Running a personal server

Maybe you read some of my posts on software raid and lvm, or maybe you have a spare pc lying around and want a box you can use as a small personal server and are wondering about some tips for running it with less hassle. I am sharing a few things that I have learnt about running a personal server (though some will apply to any Linux server or always-on machine) that make my life as a part-time admin easier. This is by no means an exhaustive list, nor necessarily the correct way to run a box, but it works well for me and so should be useful to others as well.

ADSL port forwarding

If your box is behind an ADSL modem (and unless you have a professional server and datacentre to put it in, it probably is) then by default the NAT addressing and firewall will mean that you cannot get in remotely to your box. This may be fine if you don’t want anything from the box accessible, but I tend to like being able to ssh in from anywhere, so you need to set up some port forwarding from your ADSL router/modem to get into your box

I wont attempt to describe how your ADSL modem/router config works, you’ll have to read it’s manual, but the ports you probably want are:

ssh 22 – if you want to log from outside your home network with ssh
smtp 25 – if you want your box to be able to receive email
ftp 21 – if you want ftp (though I recommend sftp or scp which use ssh and therefore encrypt your password and data)
http 80 – if you want webpages visible from the internet
https 443 – if you want webpages visible from the internet and want to use https encrypted http

Dynamic DNS

Unless you have a fixed IP address from your ISP, you will probably want some sort of Dynamic DNS system that sets a hostname to have your current IP address. I use http://dyndns.afraid.org as they are free, you can host your own domain there and there are plenty of domains you can use for sub-domains if you don’t want to buy a domain. They provide lots of scripts to help you keep your IP address recorded correctly whenever it changes

Mail

I really want mail configured for delivery, as that is one of the easiest ways to get alerts from your machine (though twitter could be cool too though). If you have a email to smms gateway or smartphone with push email then these alerts can be very fast and direct.
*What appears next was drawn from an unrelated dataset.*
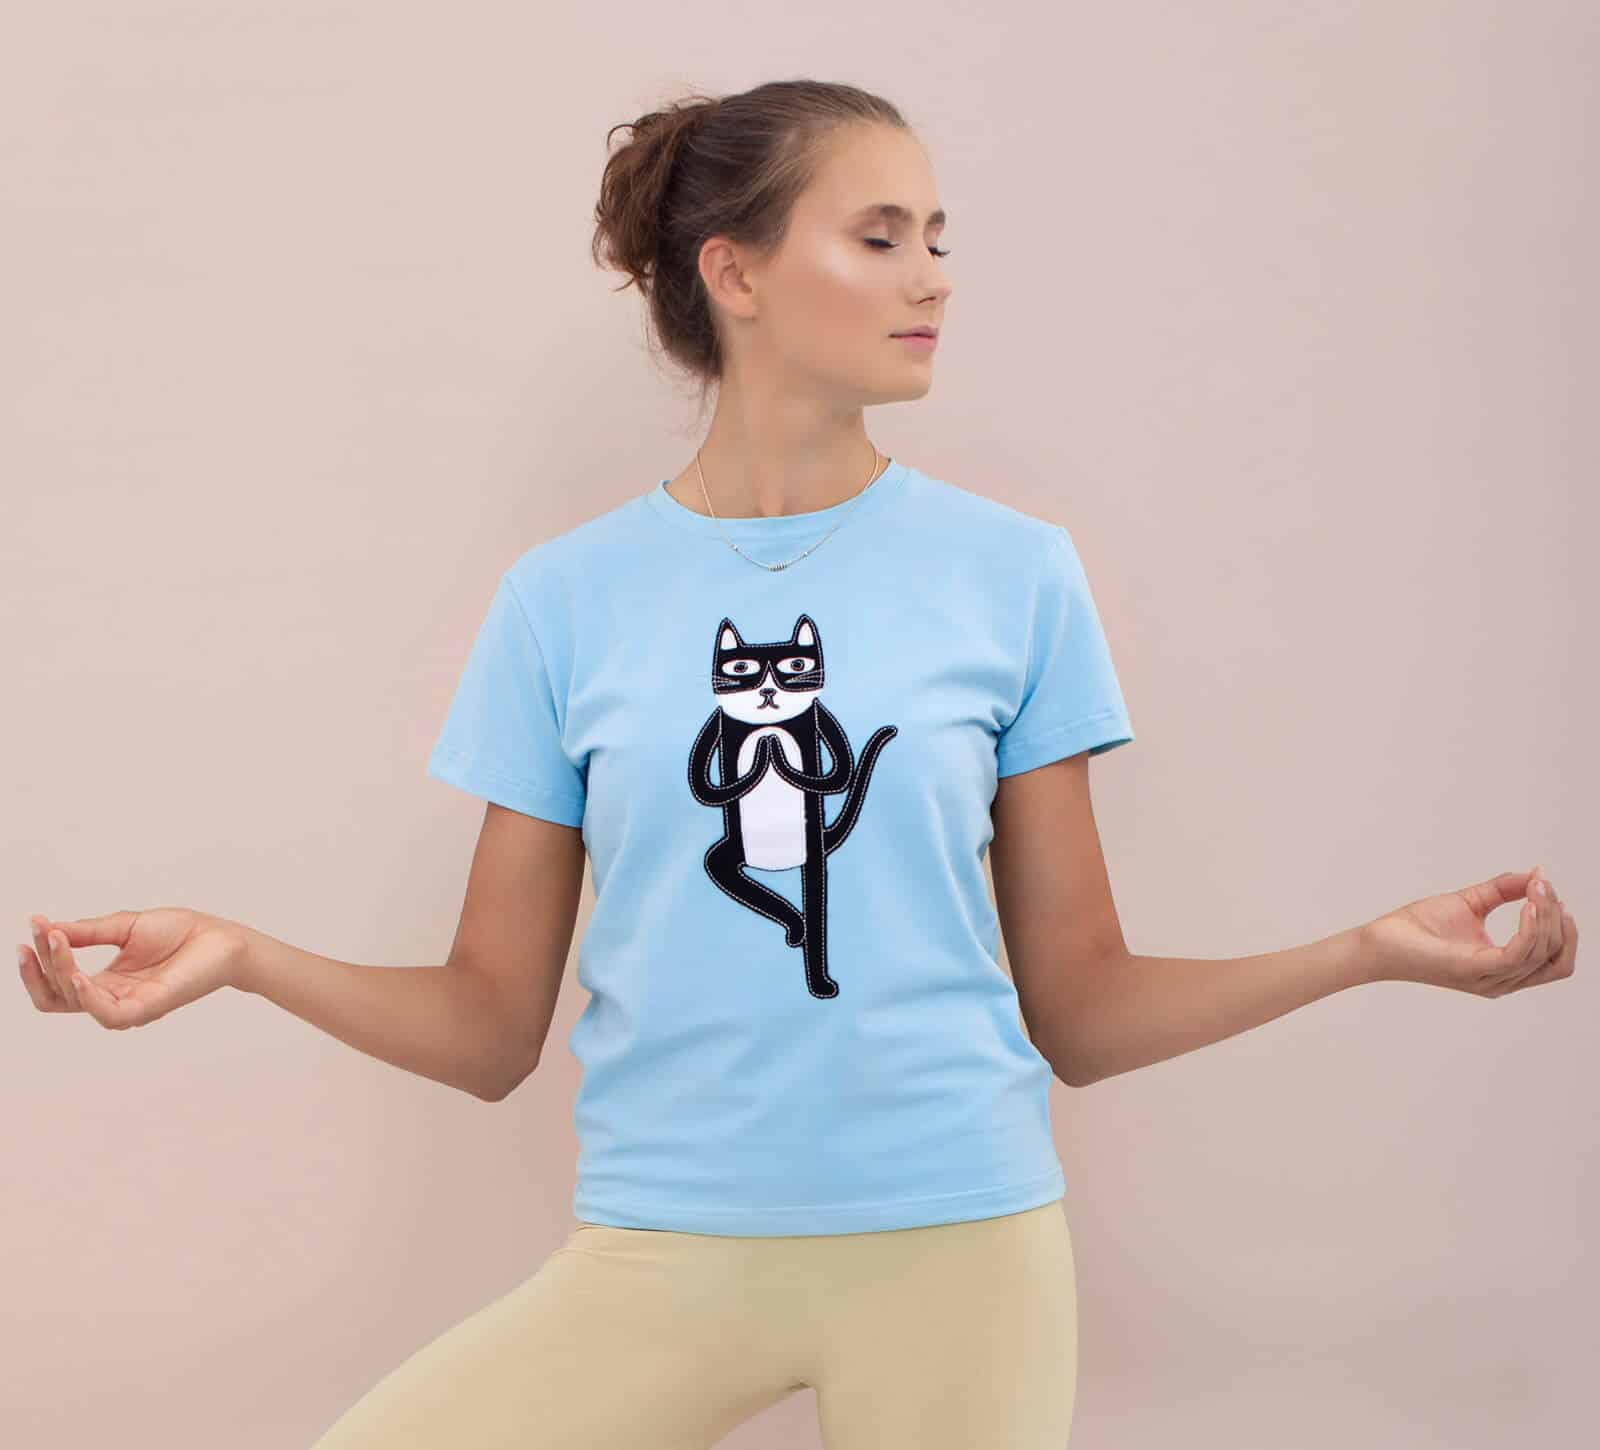 Womens Yoga Tops & T-Shirts.
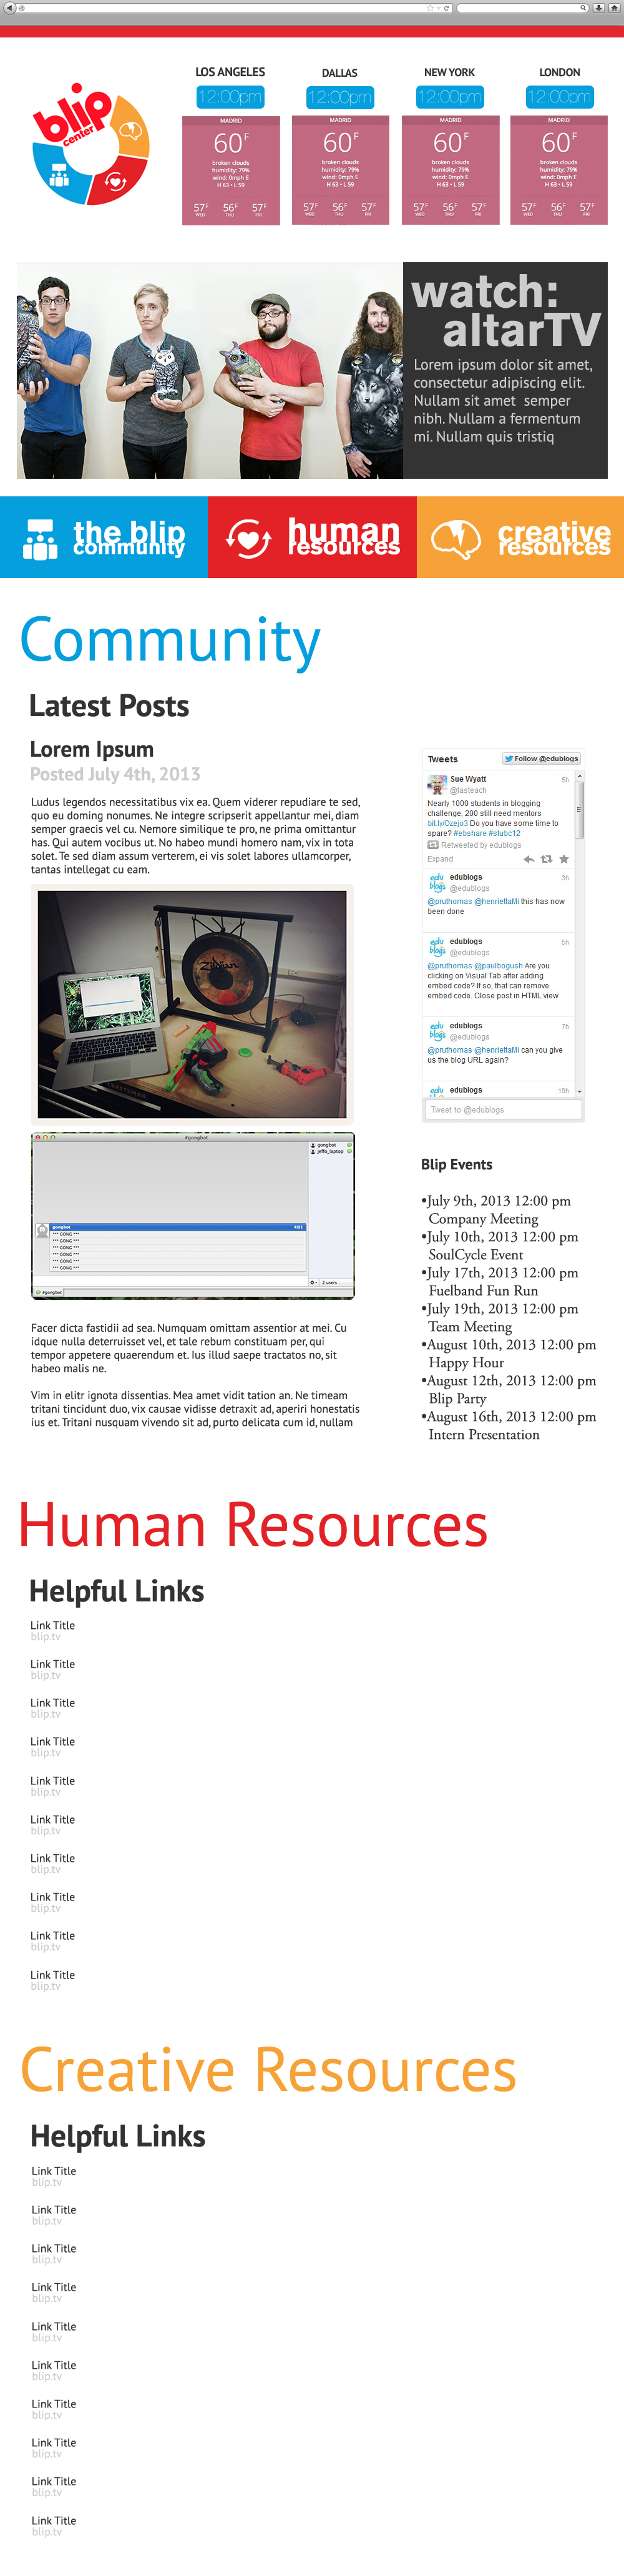 Web Website design human resources internal Blog community mock creative twitter widget Event company

I use exim, not because it is the fastest or most configurable mail system available, but because it is very easy to get configured and running on Debian or Ubuntu. Simply install the exim4 package and the debconf wizard will get you up and running.

sudo aptitude install exim4

The wizard, which can be re-run with the command sudo dpkg-reconfigure exim4-config, asks you how you want to configure exim. Normally you select the first or second option (“internet site; mail is sent and received directly using SMTP” or “mail sent by smarthost; received via SMTP or fetchmail”). Most of the questions come with sensible defaults. If you selected the second option you will get asked what your smarthost for sending mail is, in many cases this is just mail.your.isp or you can use google if you have an account, but it will require authentication which which is a little more complicated to set up.

Next you want to set all email for ‘root’ to forward to you preferred email address.
Edit /root/.forward to look like this

# Exim filter   < <== do not edit or remove this line!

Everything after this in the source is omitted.